Vietnam Multimedia Corporation
- Native name: Tổng công ty Truyền thông đa phương tiện VTC
- Type: State-owned company Limited liability company
- Industry: Telecommunications Multimedia
- Founded: February 12, 1988; 38 years ago
- Headquarters: Hanoi, Vietnam
- Owner: Ministry of Information and Communications

= Vietnam Multimedia Corporation =

Vietnamese multimedia corporation

Vietnam Multimedia Corporation VTC (Tổng công ty Truyền thông đa phương tiện VTC) is a state-owned enterprise in Vietnam focused on multimedia services. Its offerings include cloud storage, finance, telecommunications, and online games. One of its notable ventures was the VTC Digital Television which they ran from 2004 until 2013 when it was taken over by the Voice of Vietnam and repurposed as VOV's television network, until January 15, 2025 when the network was shut down. The company maintains the "VTC" branding.

== History ==
VTC originated from the Radio and Television Equipment Repair and Warranty Service Enterprise, established on February 12, 1988, under Decision No. 33/QĐ-BTT issued by the Ministry of Information. Later, on March 25, 1993, this enterprise was converted into the Information Technology Investment and Development Company (Intedico) under Decision No. 288/QĐ by the Ministry of Culture and Information.

In December 1996, the Vietnam Television Technology Investment and Development Company (VTC) was established through the merger of two companies, Ratimex and Telexim, into Intedico, under the Vietnam Television (VTV). On June 26, 2003, VTC was transferred from Vietnam Television to the Ministry of Post and Telecommunications (now the Ministry of Information and Communications).

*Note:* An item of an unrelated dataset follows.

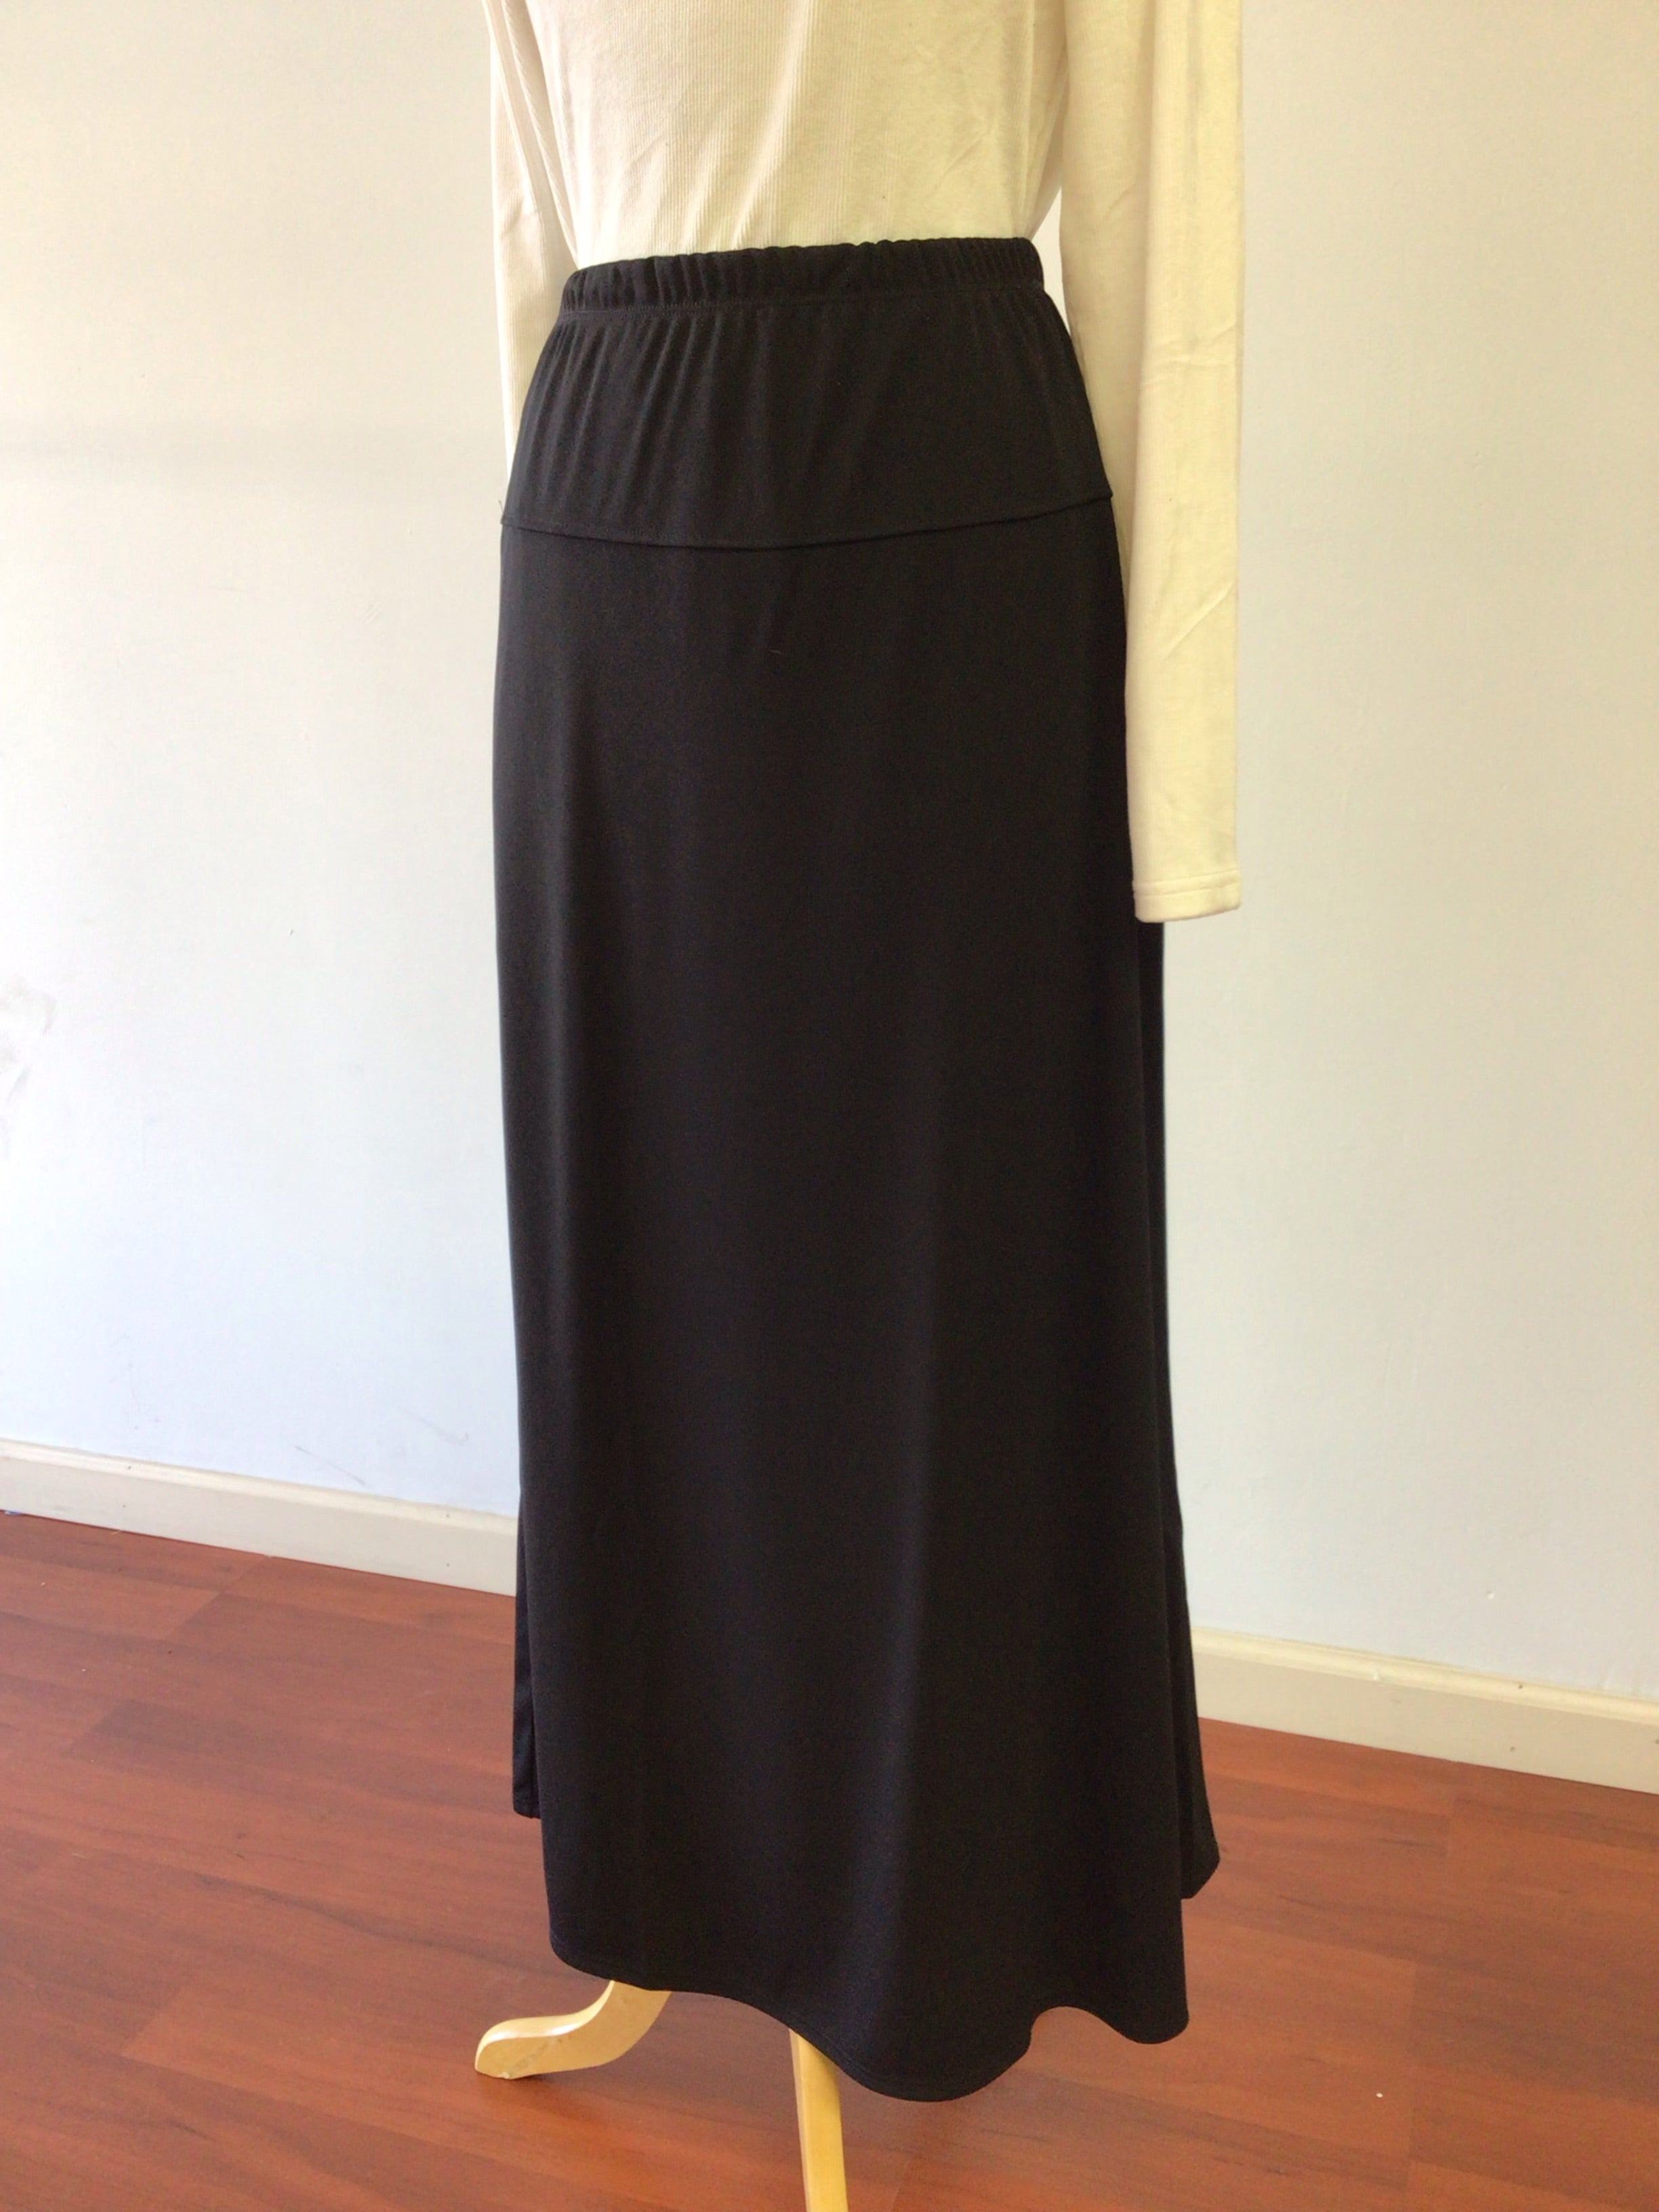 Long black skirt 514-40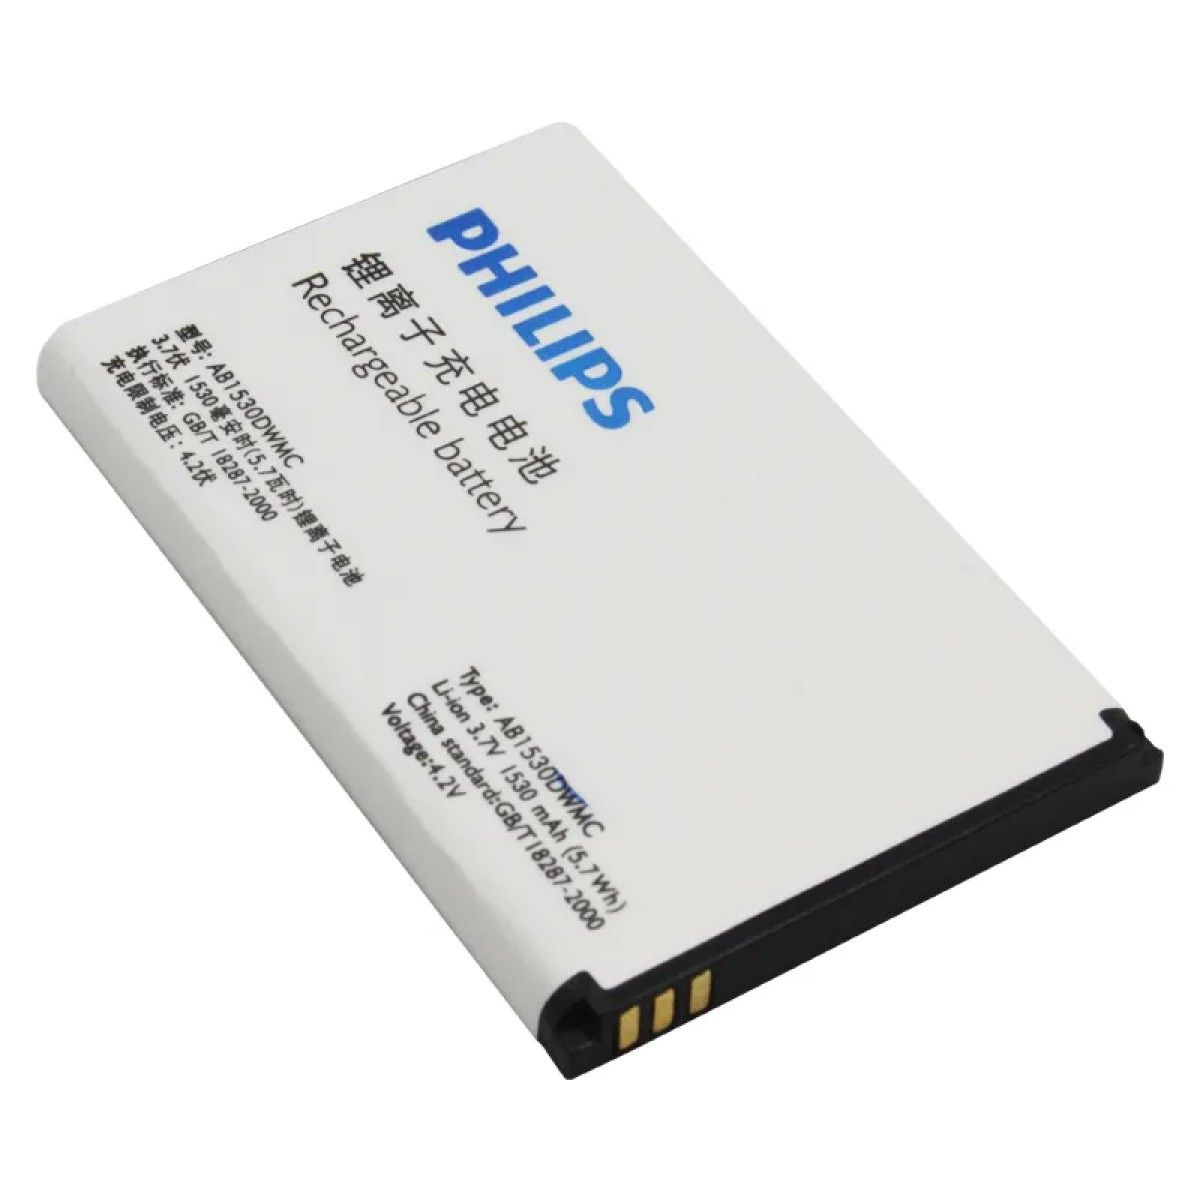 Аккумуляторы для телефонов philips. Philips ab1530dwmc аккумулятор. АКБ Philips ab3100awmt. Philips Xenium x2301 аккумулятор. Аккумулятор ab4000fwm Philips.

Later, on July 29, 2005, the Vietnam Television Technology Investment and Development Company was converted into the Multimedia Corporation - VTC.

On June 28, 2010, VTC was converted into a one-member limited liability company (LLC) wholly owned by the state under Decision No. 929/QĐ-BTTTT of the Ministry of Information and Communications.

Between 2012 and 2015, VTC implemented a restructuring plan to optimize its organization and focus on key business areas, in accordance with Decision No. 28/QD-BTTTT dated January 11, 2013.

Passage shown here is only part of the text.